Exercise requirements: Images should be omitted while the rest of the data is duplicated exactly.

Supplied information:
Content starts

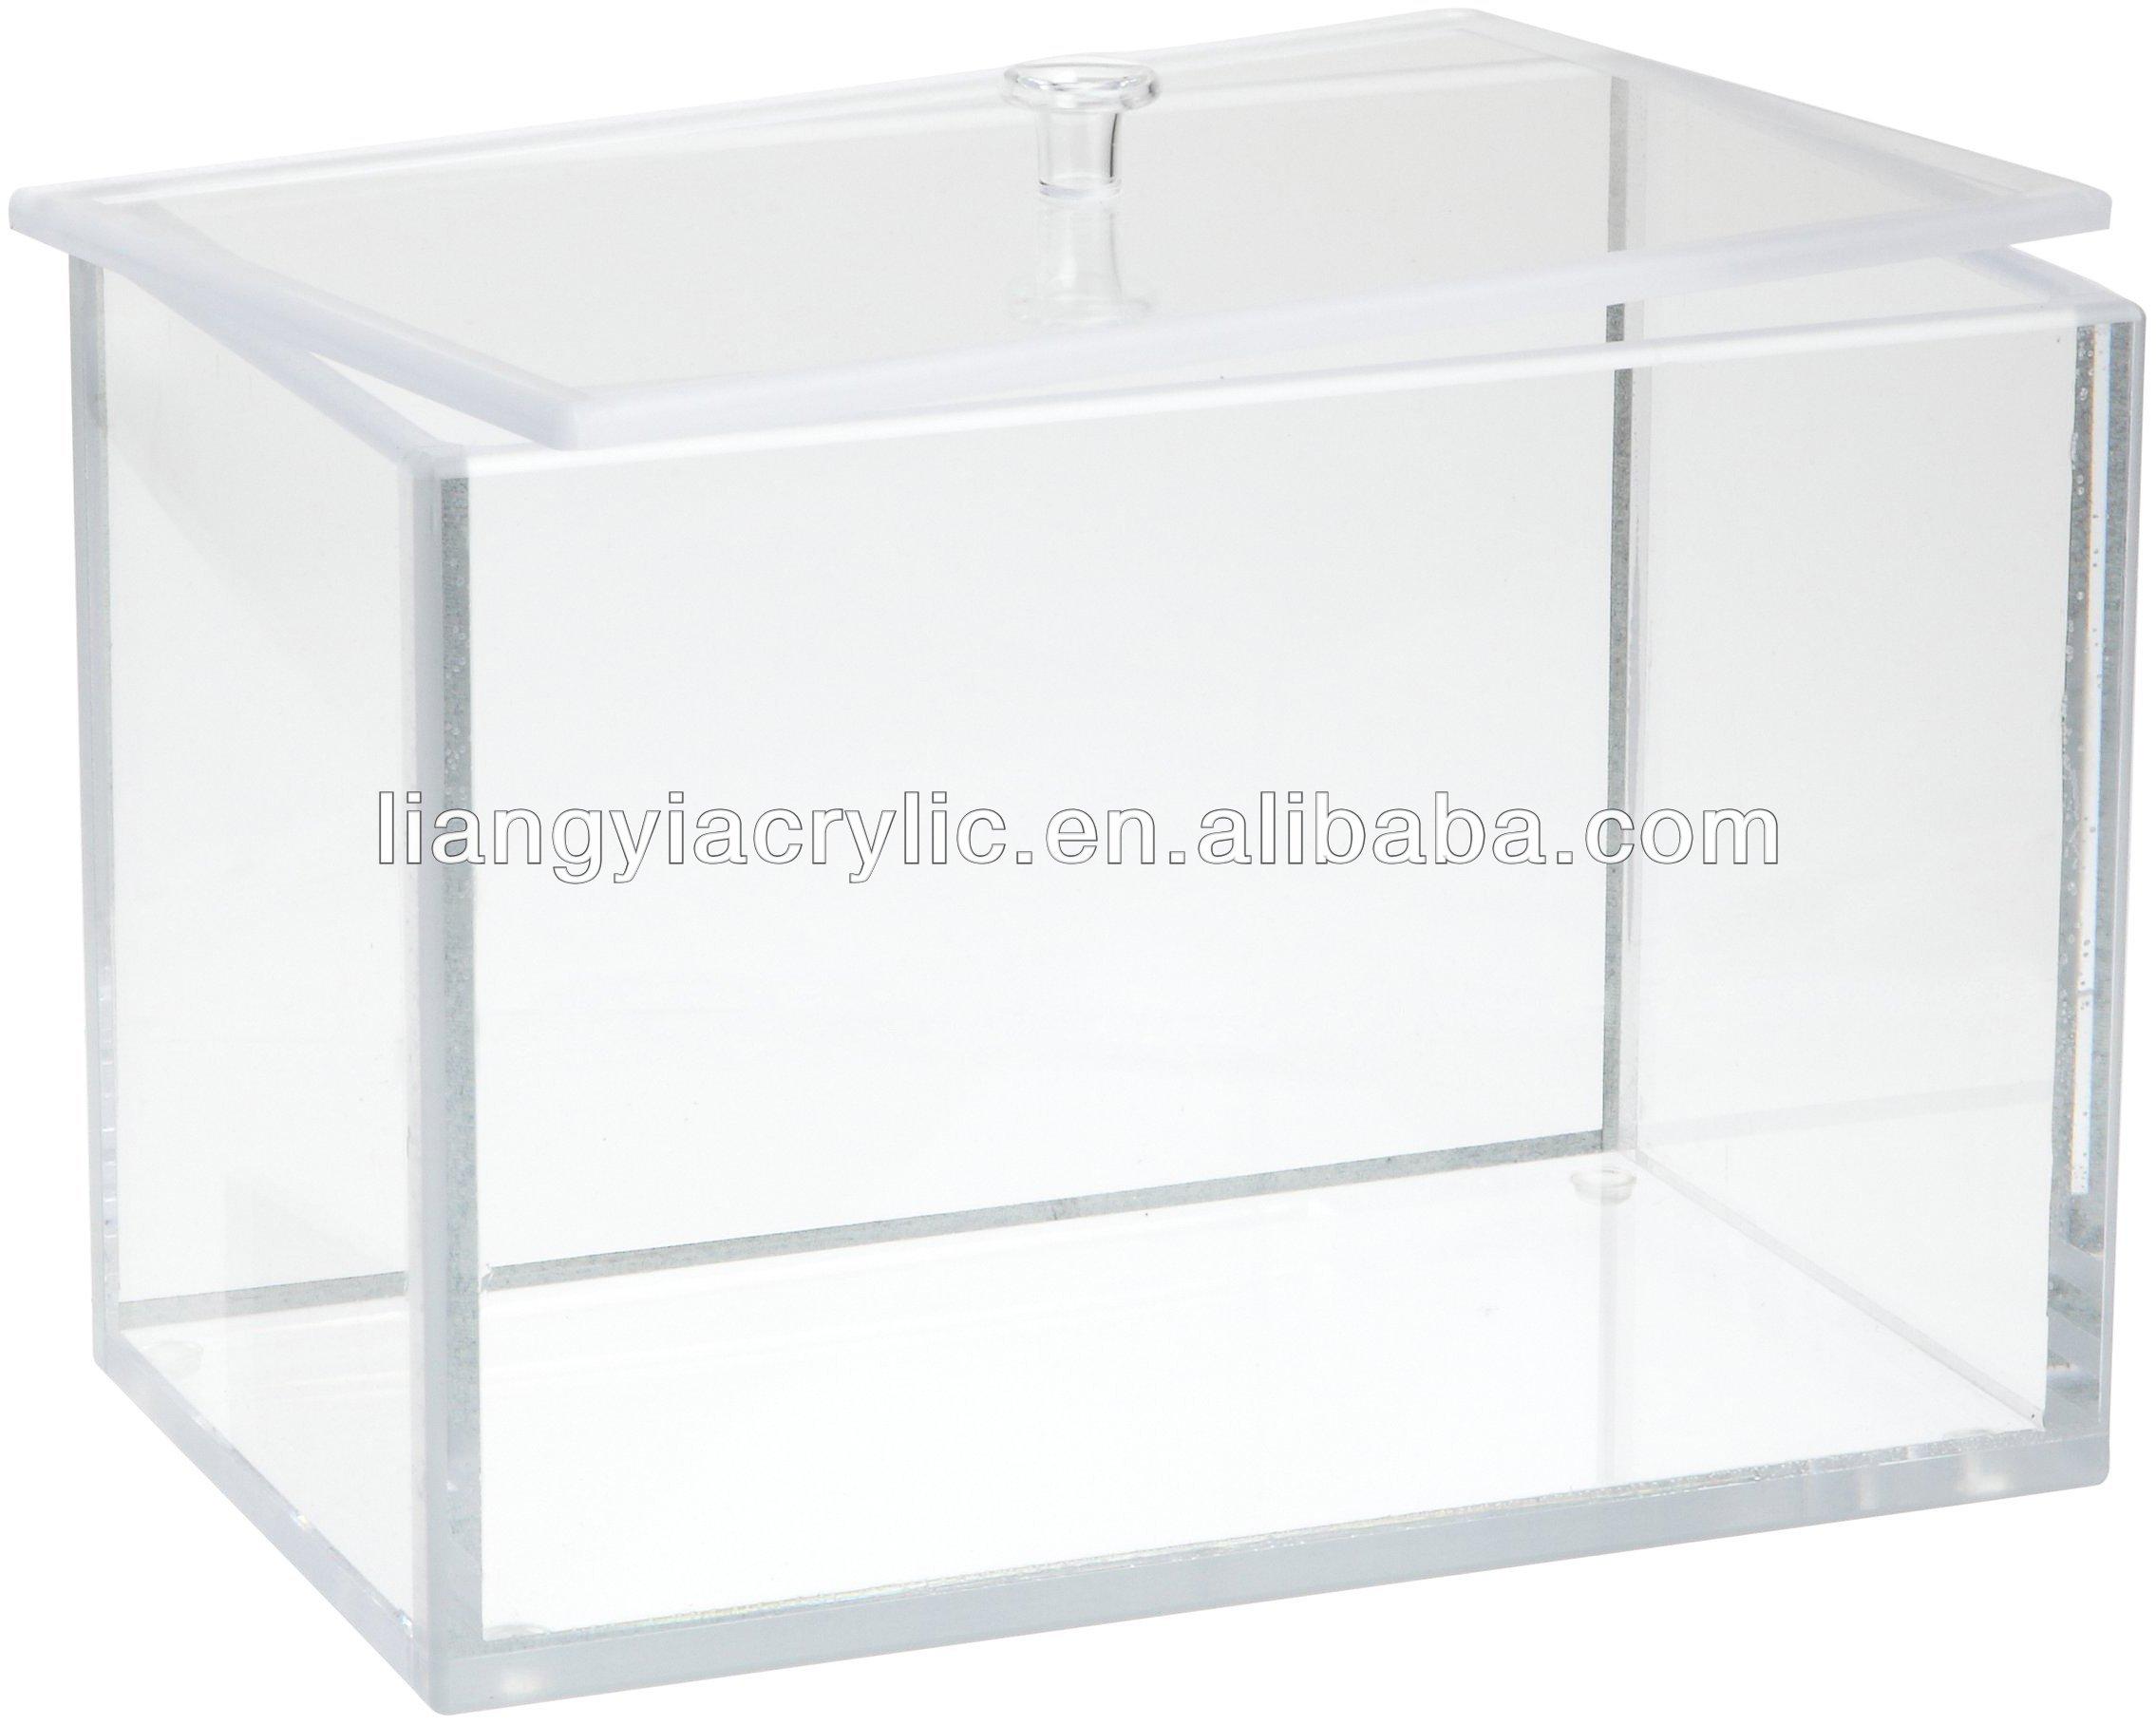 klaren acryl aufbewahrungsbox mit deckel fabrik speicherkasten und beh lter produkt id. Black Bedroom Furniture Sets. Home Design Ideas
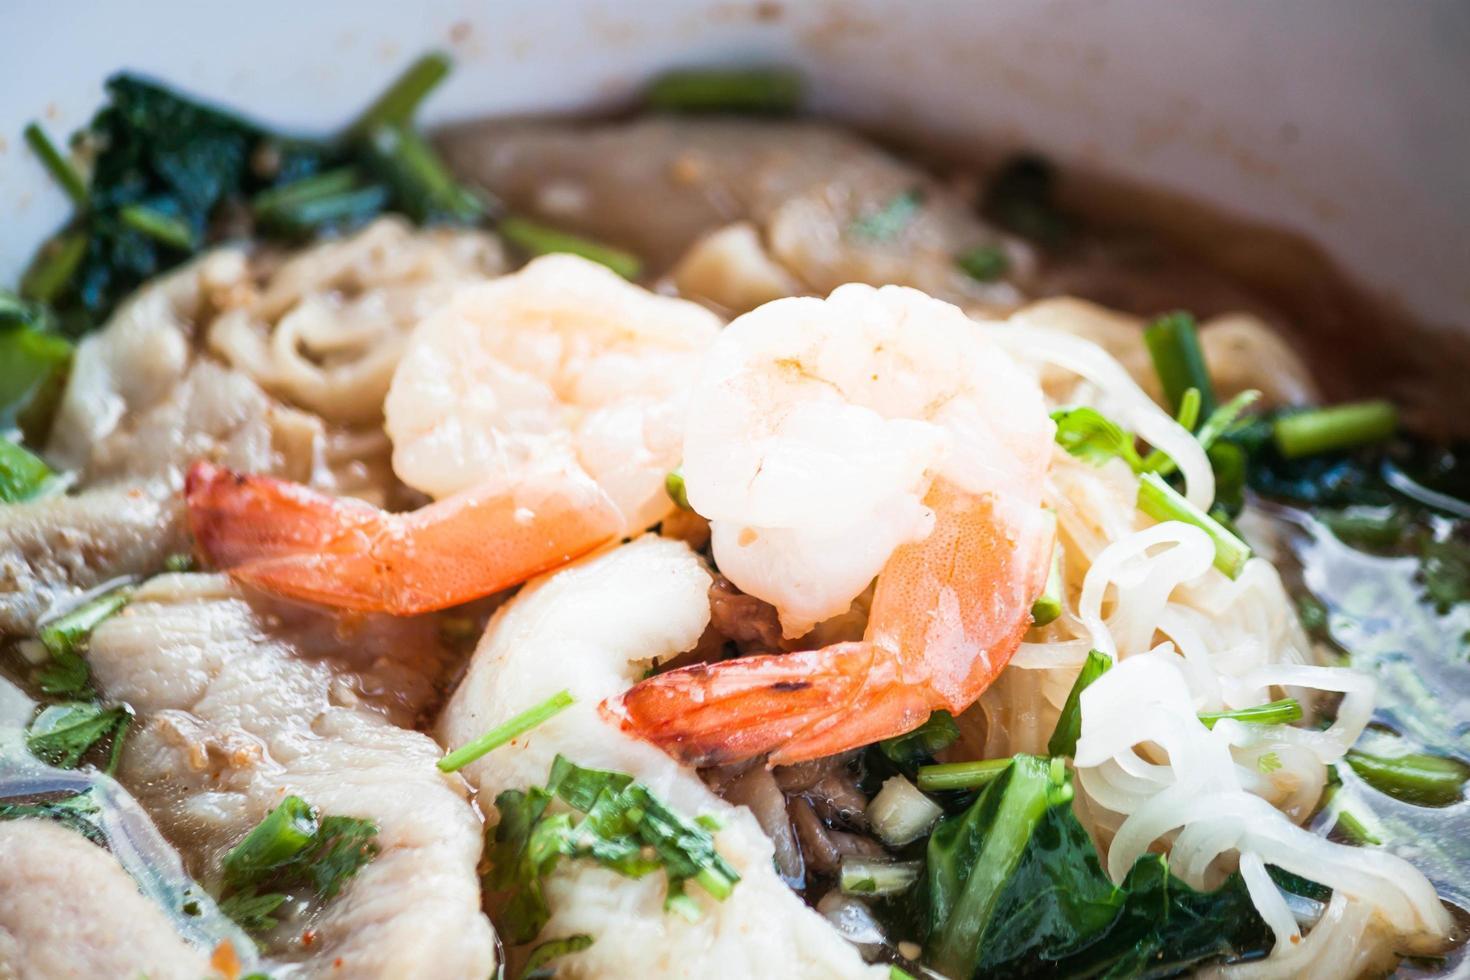 crevettes sur un plat de nouilles épicées thaï photo
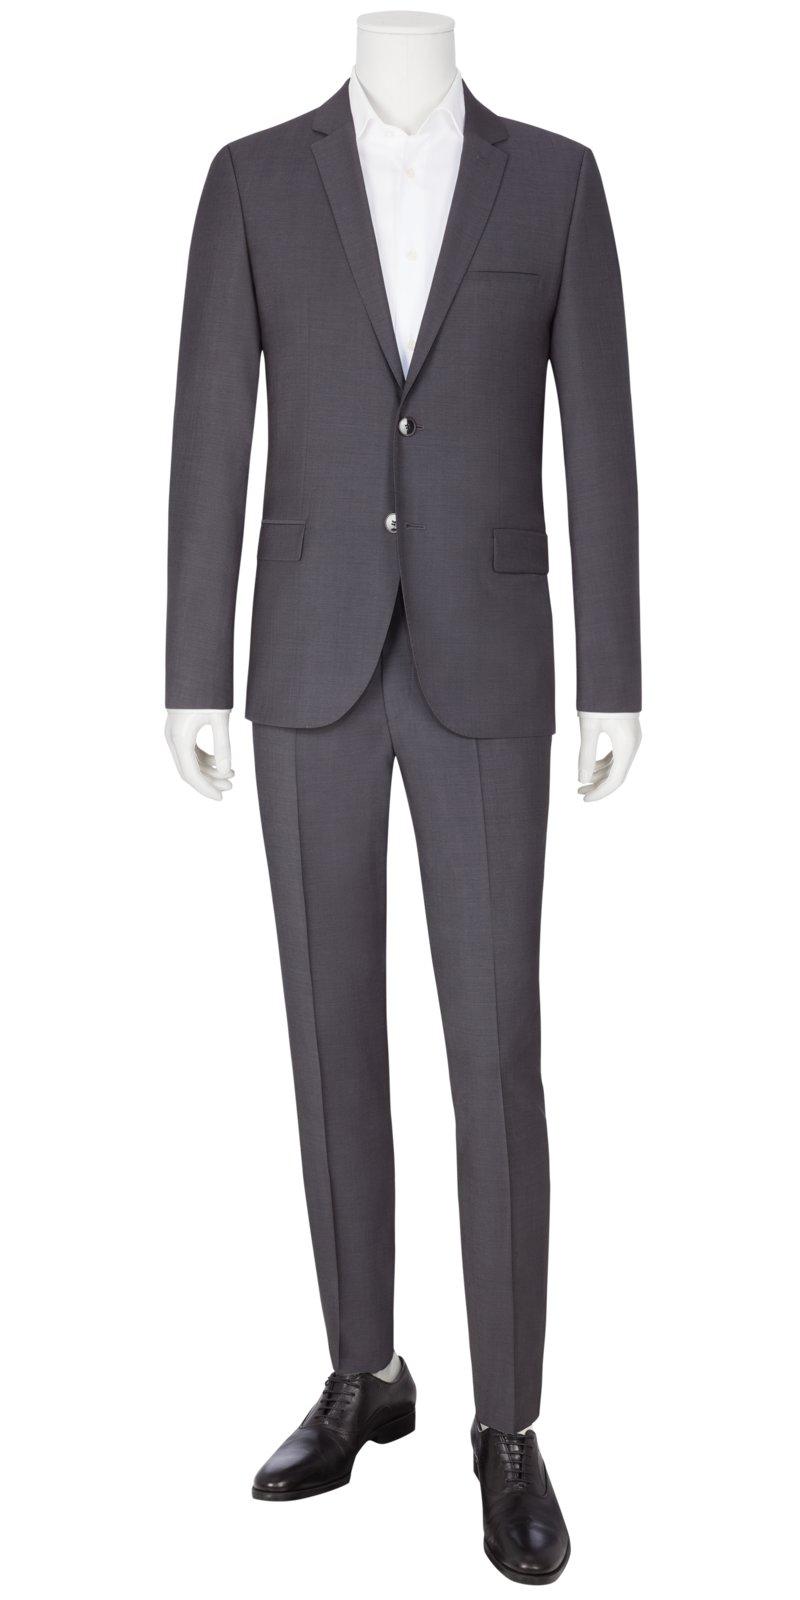 60% Rabatt Super süße am besten verkaufen Baukasten-Anzug im Gitterkaro, mit passender Weste, Huge/Genius, Slim Fit

Content ends

Response:
 klaren acryl aufbewahrungsbox mit deckel fabrik speicherkasten und beh lter produkt id. Black Bedroom Furniture Sets. Home Design Ideas
 crevettes sur un plat de nouilles épicées thaï photo
 60% Rabatt Super süße am besten verkaufen Baukasten-Anzug im Gitterkaro, mit passender Weste, Huge/Genius, Slim Fit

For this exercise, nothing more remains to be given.